For Shelley, nature represents a powerfully sublime entity which feels utter indifference for man. Certainly, Shelley describes such beautiful scenes as "earthly rainbows stretched across the sweep / Of the etherial waterfall" (Norton 2, p. 686). At the same time, however, he recognizes nature's merciless potential:

But a flood of ruin
Is there, that from the boundaries of the sky
Rolls its perpetual stream; vast pines are strewing
Its destined path, or in the mangled soil
Branchless and shattered stand: the rocks, drawn down
From yon remotest waste, have overthrown
The limits of the dead and living world,
Never to be reclaimed. (Norton 2, p. 688)

According to Shelley, nature is at once splendorous and deadly, a dynamic force that cannot be tamed by man. While appreciating nature's aesthetic majesty, Shelley warns man not to equate beauty with tranquility. Rather, Shelley advises us to view nature from both sides of the coin, admiring its unapproachable synthesis of power and grace.

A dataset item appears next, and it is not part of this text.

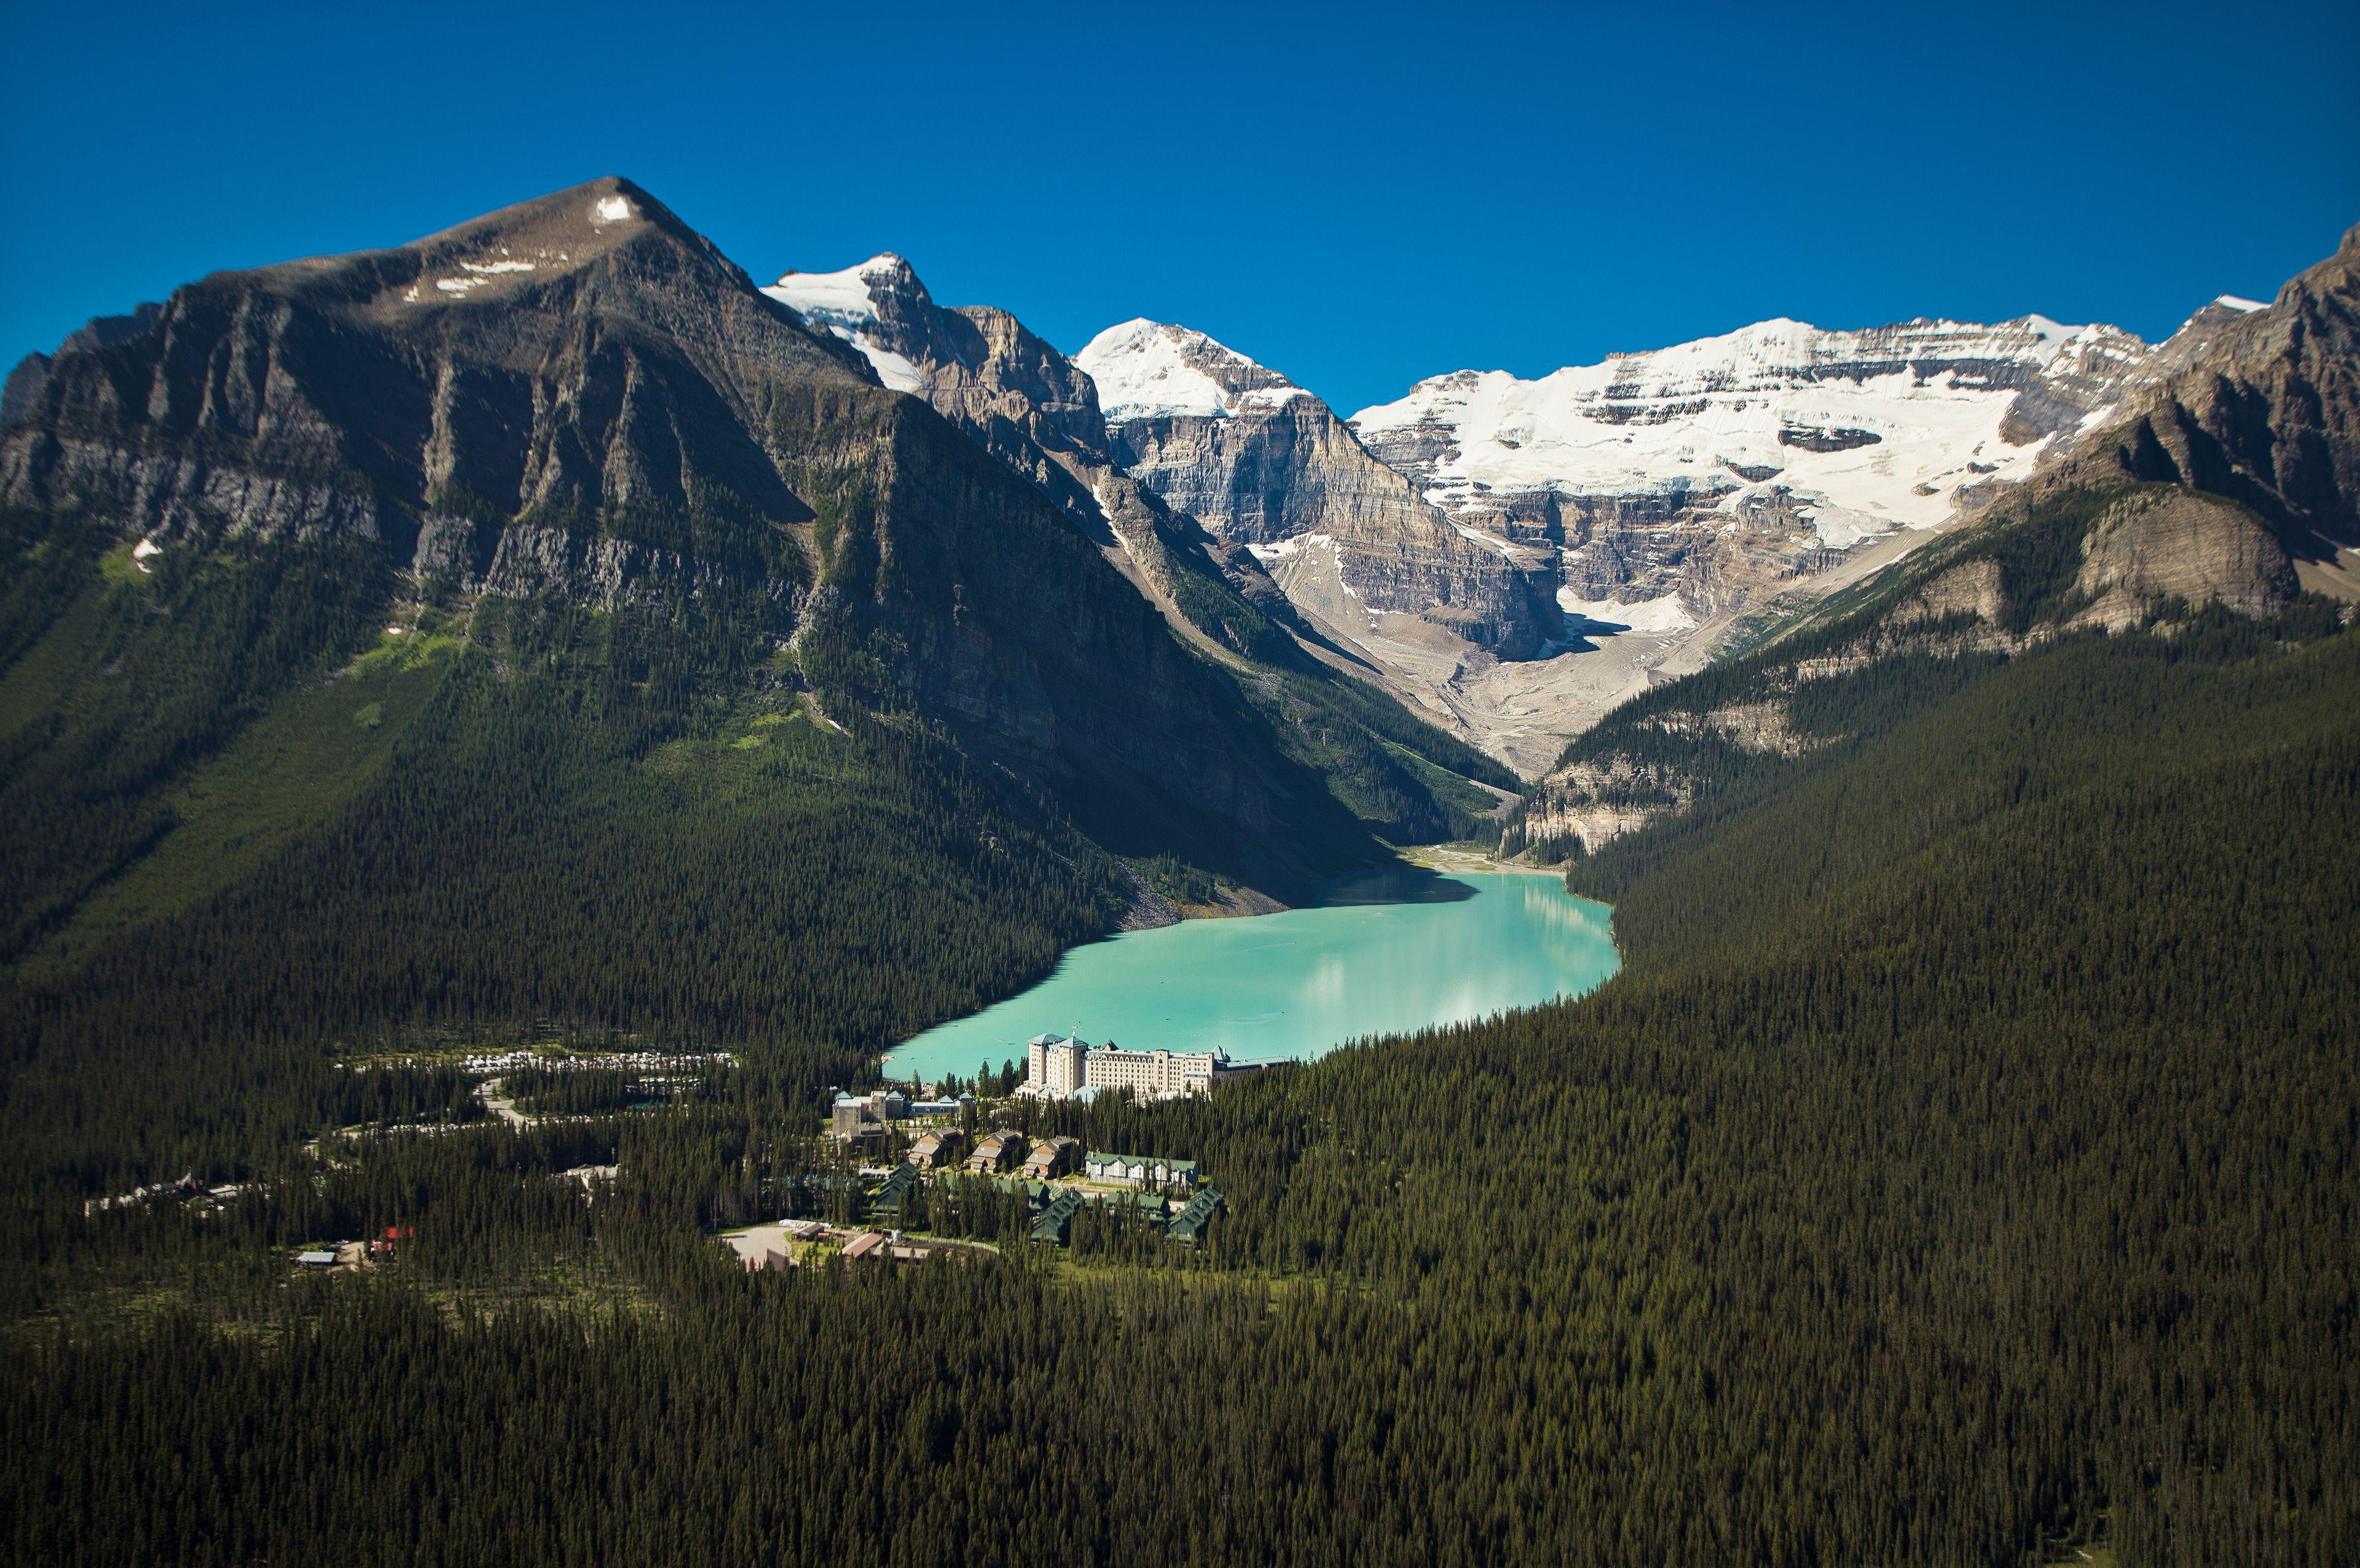 Courtesy of Fairmont Château Lake Louise / Expedia.com

For Wordsworth, on the other hand, nature plays a more comforting role. Like Shelley, Wordsworth sees nature as an eternal and sublime entity, but rather than threatening the poet, these qualities give Wordsworth comfort. As Wordsworth writes:

I have felt
A presence that disturbs me with the joy
Of elevated thoughts; a sense sublime
Of something far more deeply interfused,
Whose dwelling is the light of setting suns,
And the round ocean and the living air,
And the blue sky, and in the mind of man. (Norton 2, p. 154)

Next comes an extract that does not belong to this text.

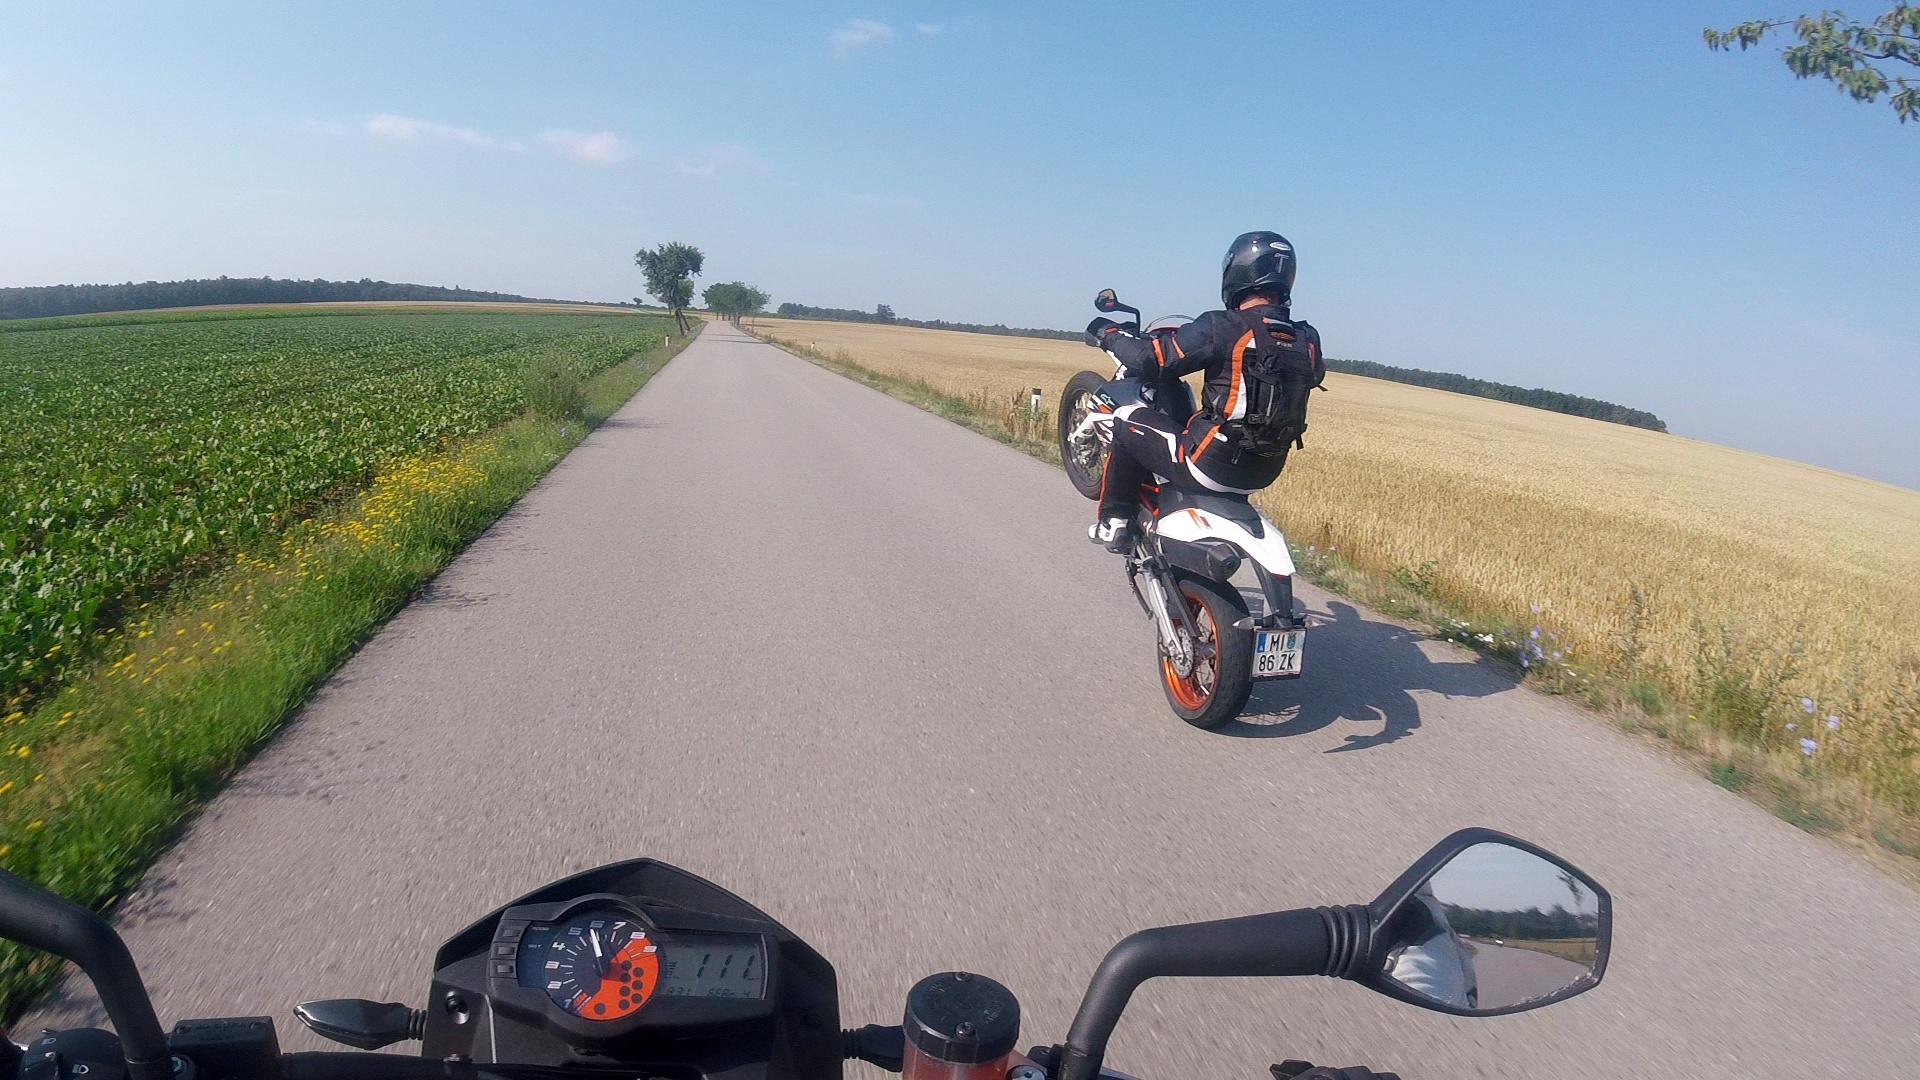 KTM 690 wheelie

Rather than placing man and nature in opposition, Wordsworth views them as complementary elements of a whole, recognising man as a part of nature. Hence, Wordsworth looks at the world and sees not an alien force against which he must struggle, but rather a comforting entity of which he is a part.

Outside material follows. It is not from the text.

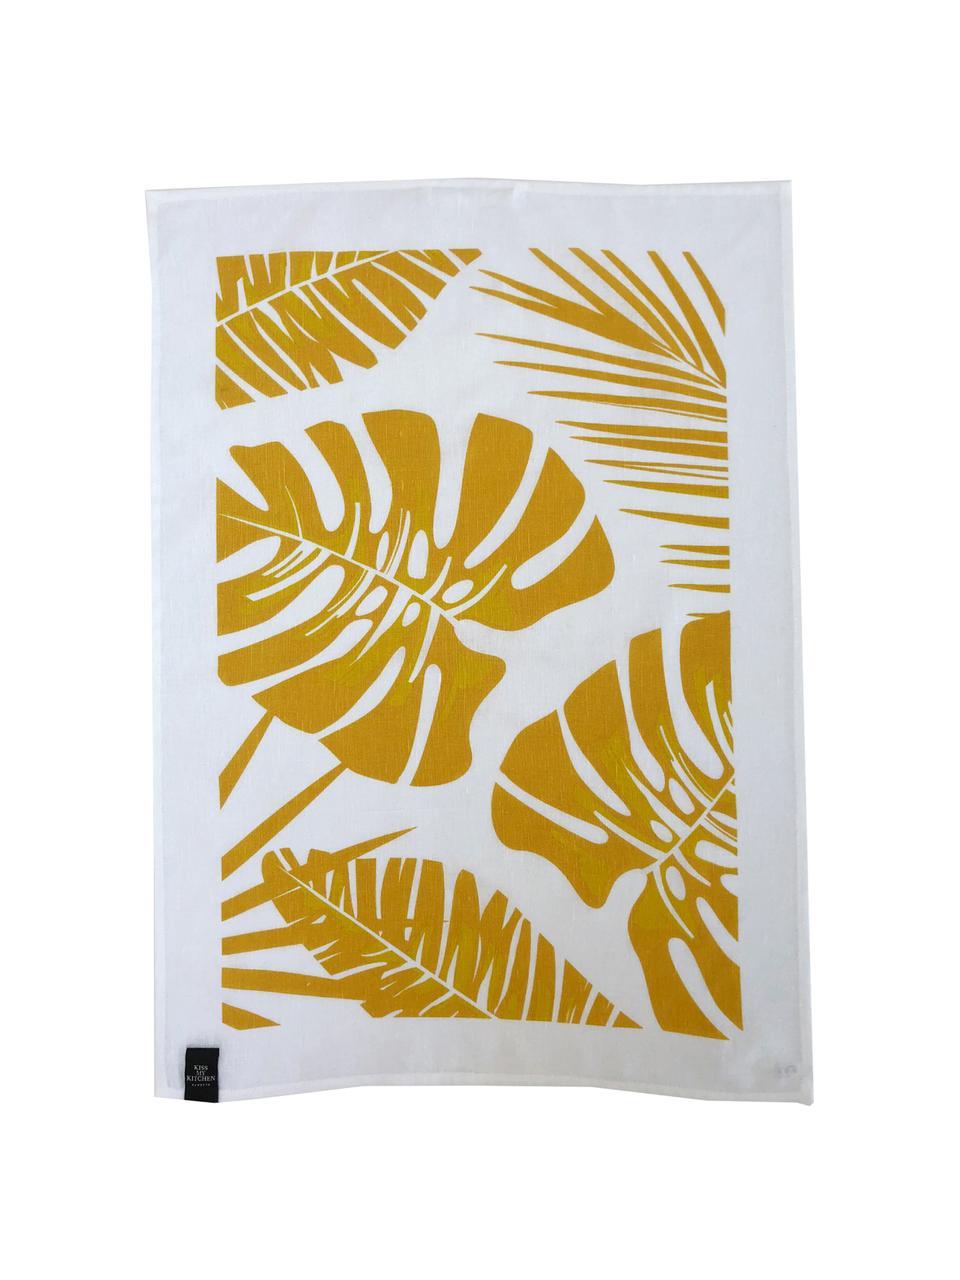 Halflinnen theedoeken Urban Jungle, 2 stuks, 50% linnen, 50% katoen, Wit, geel, 50 x 70 cm

Shelley was an atheist, a fact which certainly contributed to his vision of nature as a powerfully indifferent entity. Having no benevolent God to give reason and order to the world, Shelley lived in an immensely intimidating universe of powerful and fractious components. Nature could be beautiful for Shelley, but that does not imply that it was caring. Shelley seems to echo Pascal, who said, while gazing at the stars, "The silence of these infinite spaces terrifies me." Wordsworth, on the other hand, was a relatively solid and conservative member of the Church of England. Thus, with the faith of religion to back him up, Wordsworth was able to look at nature and see the benevelonce of God behind it. For Wordsworth, the world could be a place of sorrow, but it was not cruel. Though suffering surely occurred, Wordsworth comforted himself with the belief that all things happened by the hand of God, manifesting Himself in the ultimately just and divine order of nature.